■ Records supplied ■

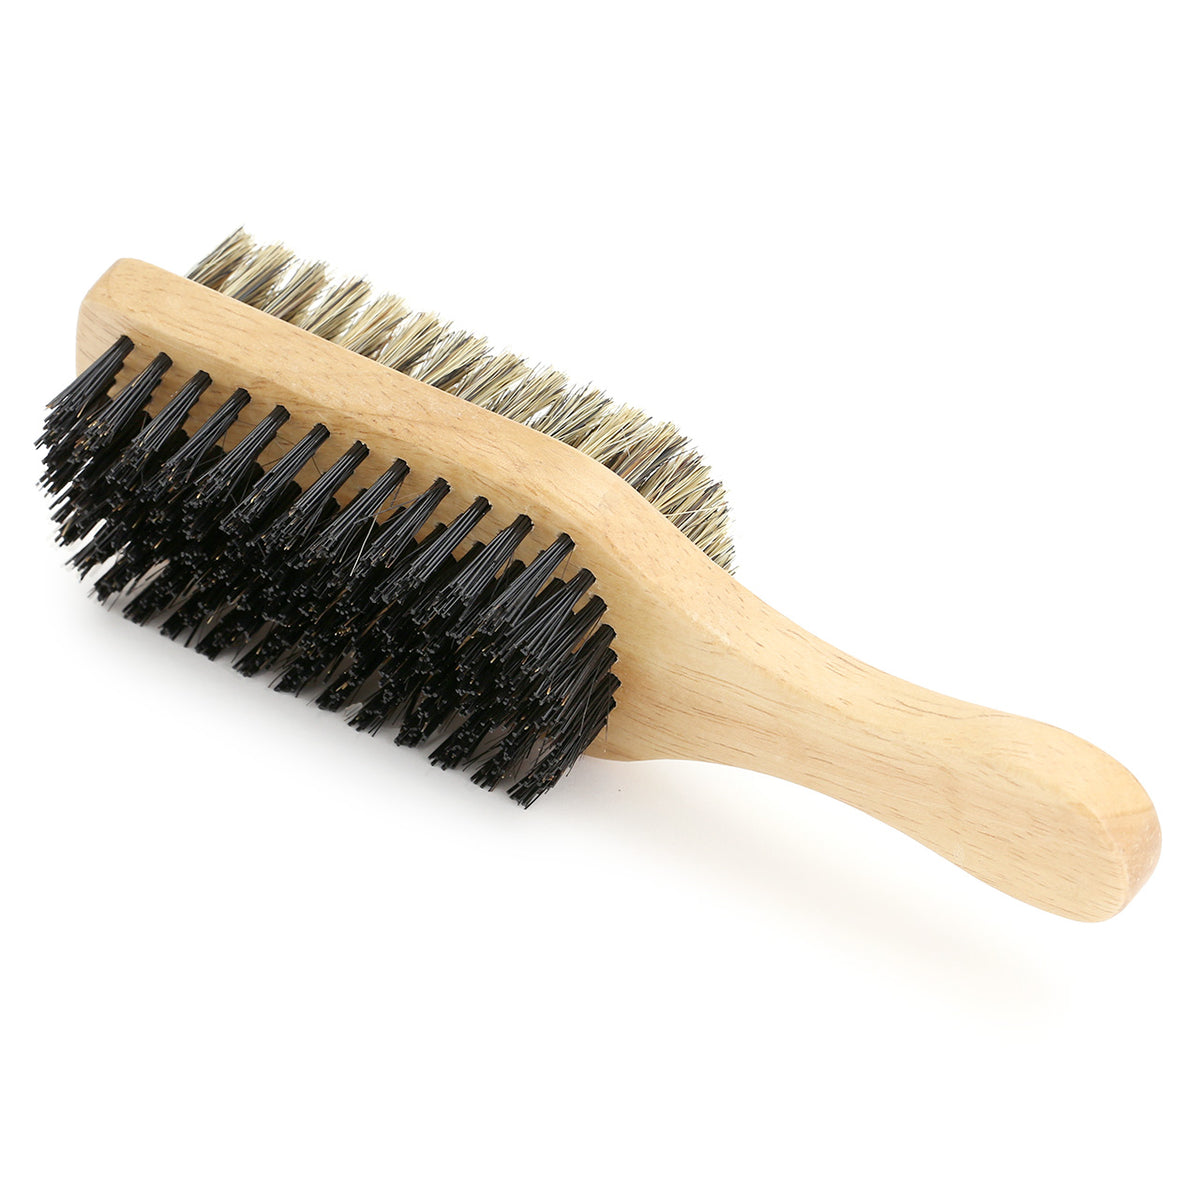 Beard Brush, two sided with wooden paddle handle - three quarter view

* * *

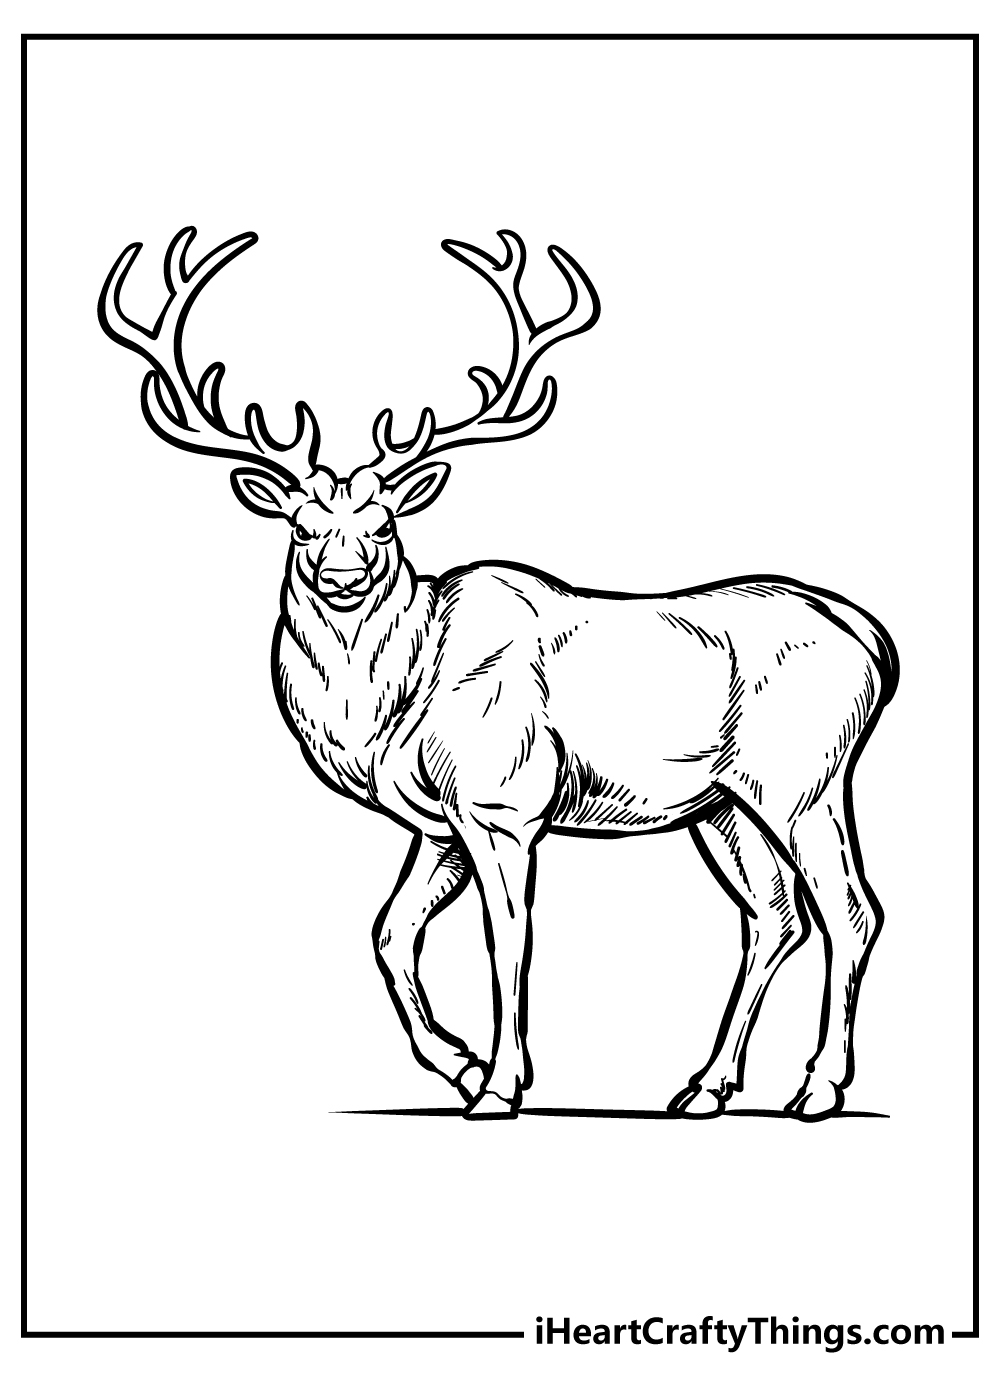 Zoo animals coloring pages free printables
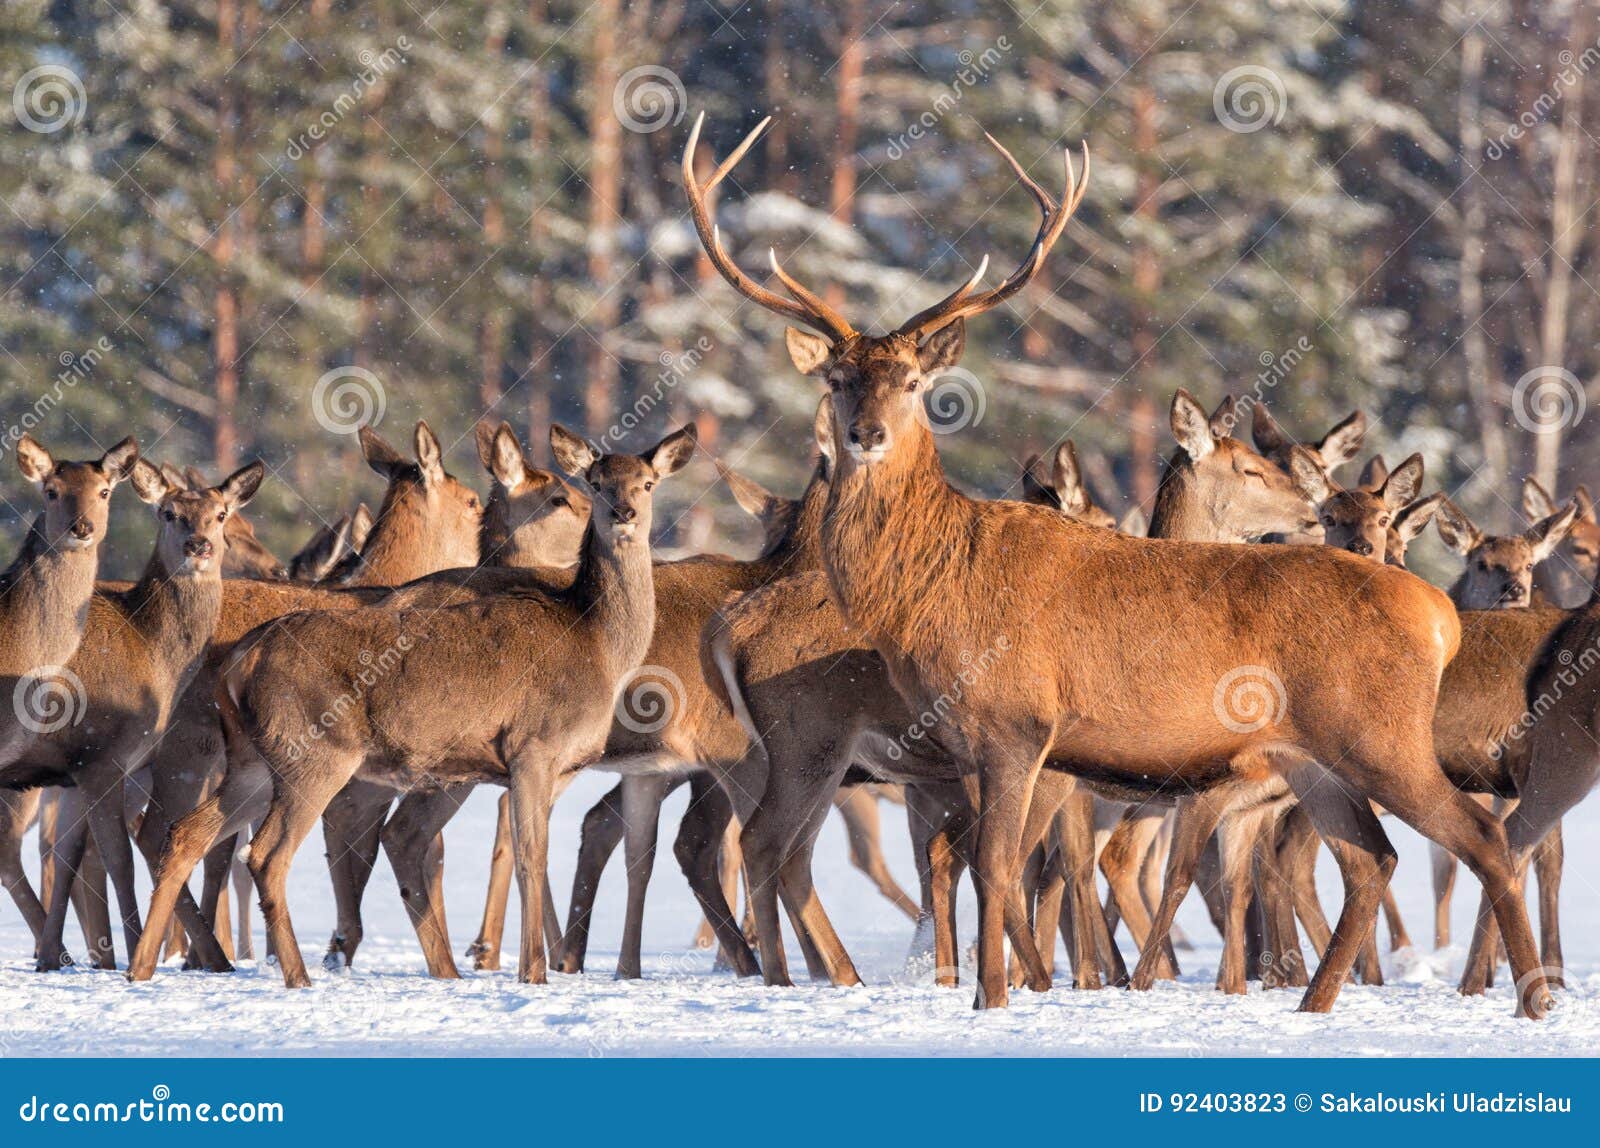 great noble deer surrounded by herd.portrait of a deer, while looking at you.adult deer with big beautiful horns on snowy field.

==

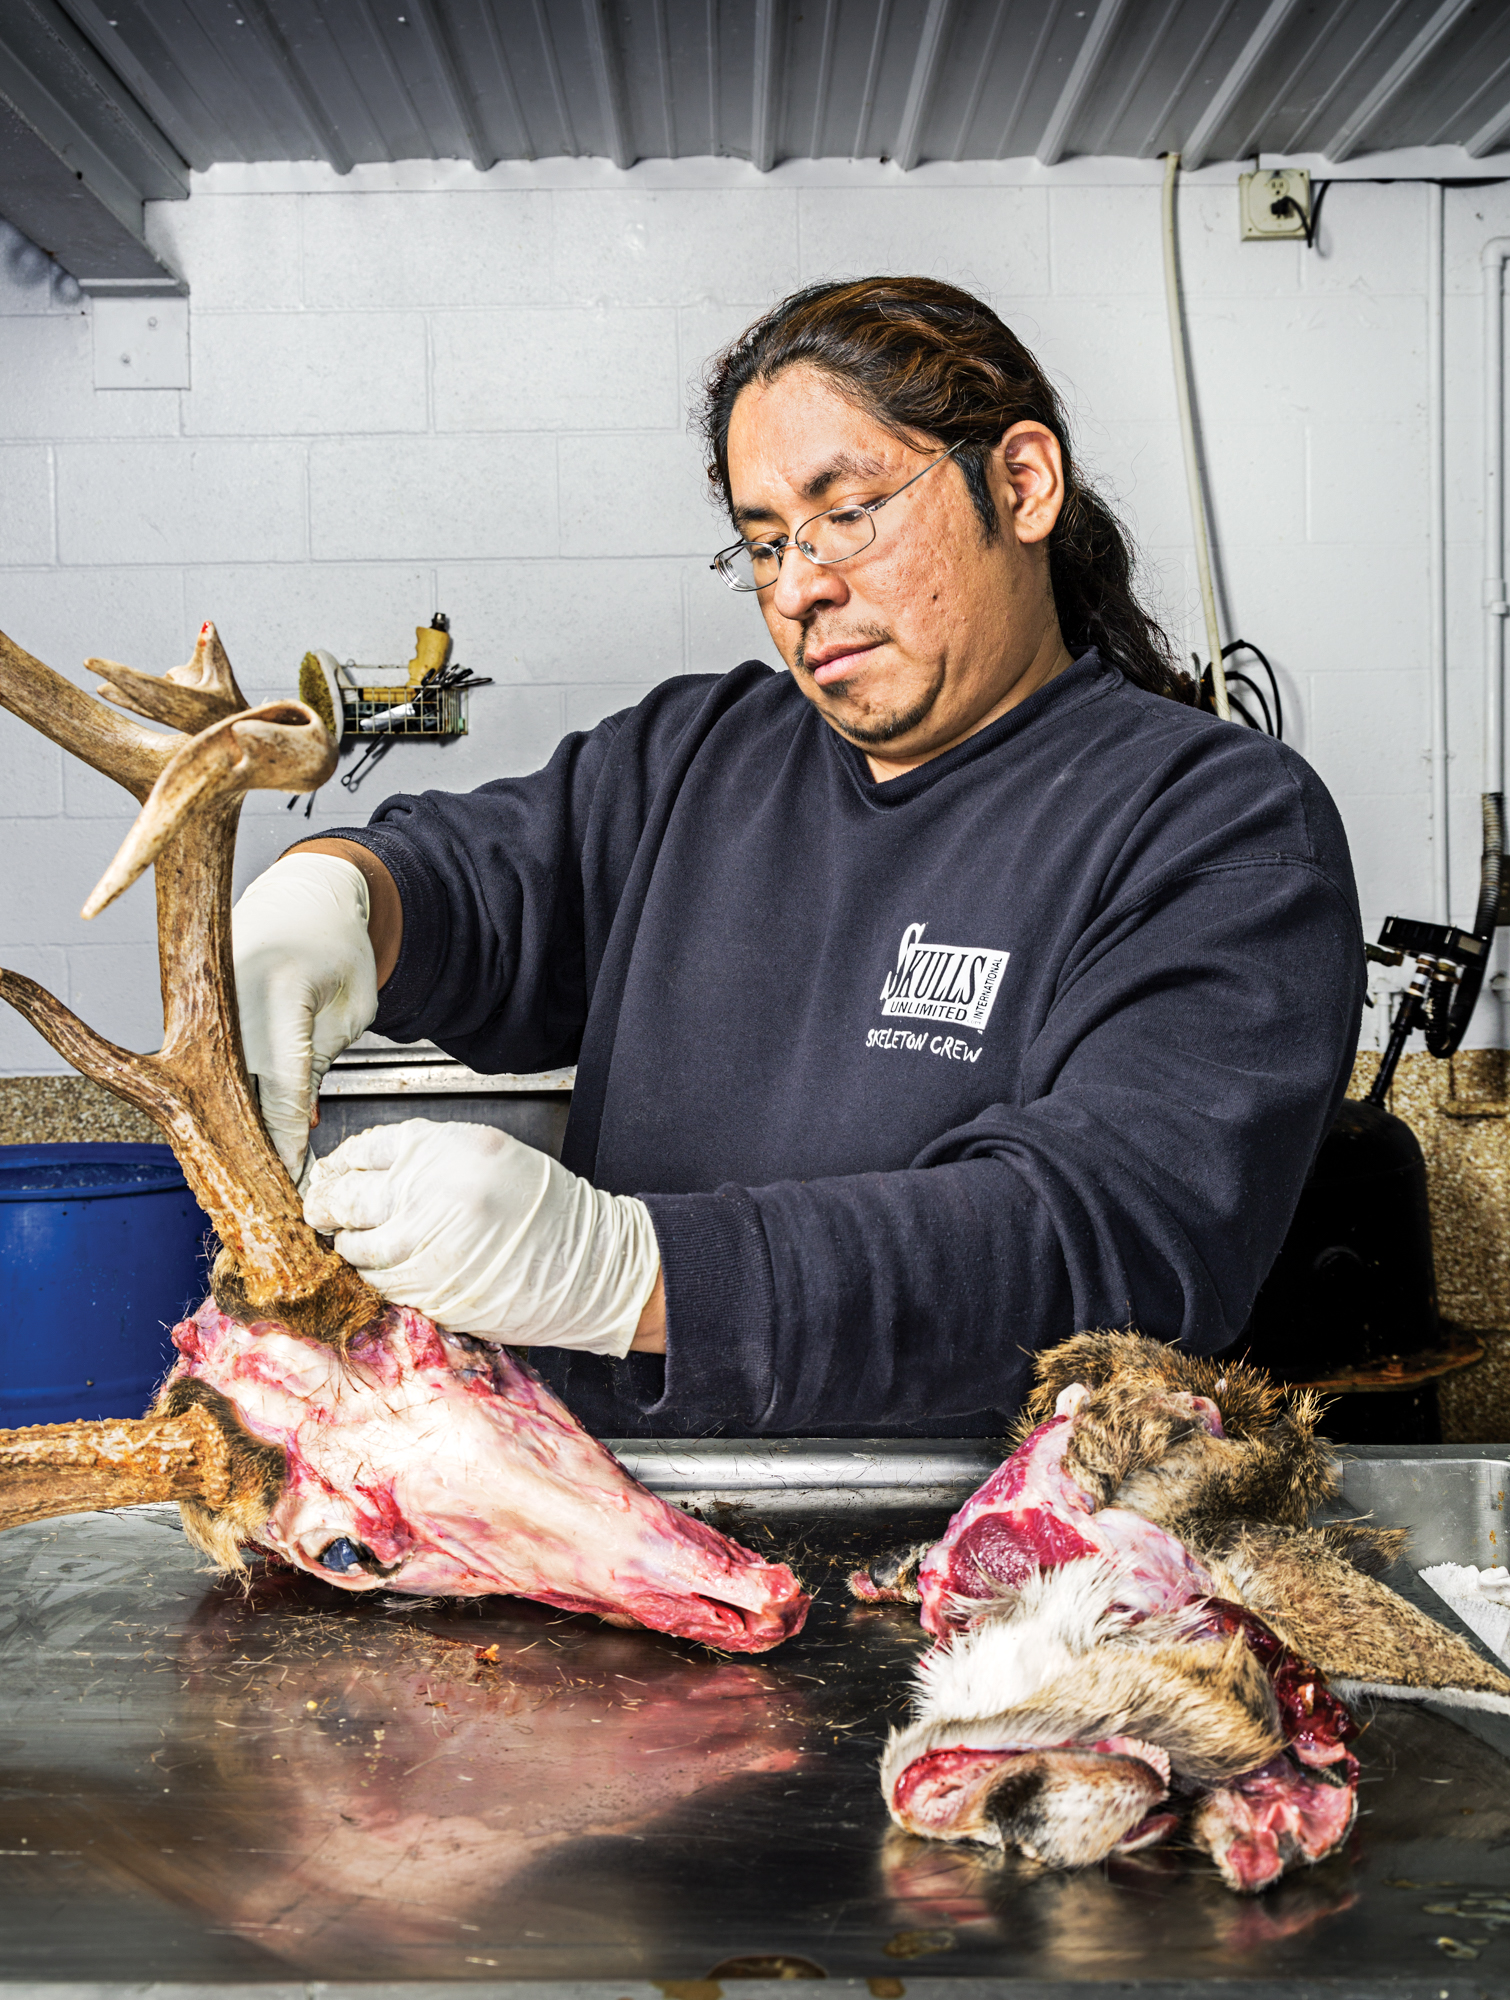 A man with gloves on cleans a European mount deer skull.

■ Work to complete ■
Only one stretch of the listing above is to be duplicated: the lines from the one containing "Zoo animals coloring pages free printables" through the one containing "great noble deer", both included. Copy them exactly, minus the pictures.

■ Result of the exercise ■
 Zoo animals coloring pages free printables
 great noble deer surrounded by herd.portrait of a deer, while looking at you.adult deer with big beautiful horns on snowy field.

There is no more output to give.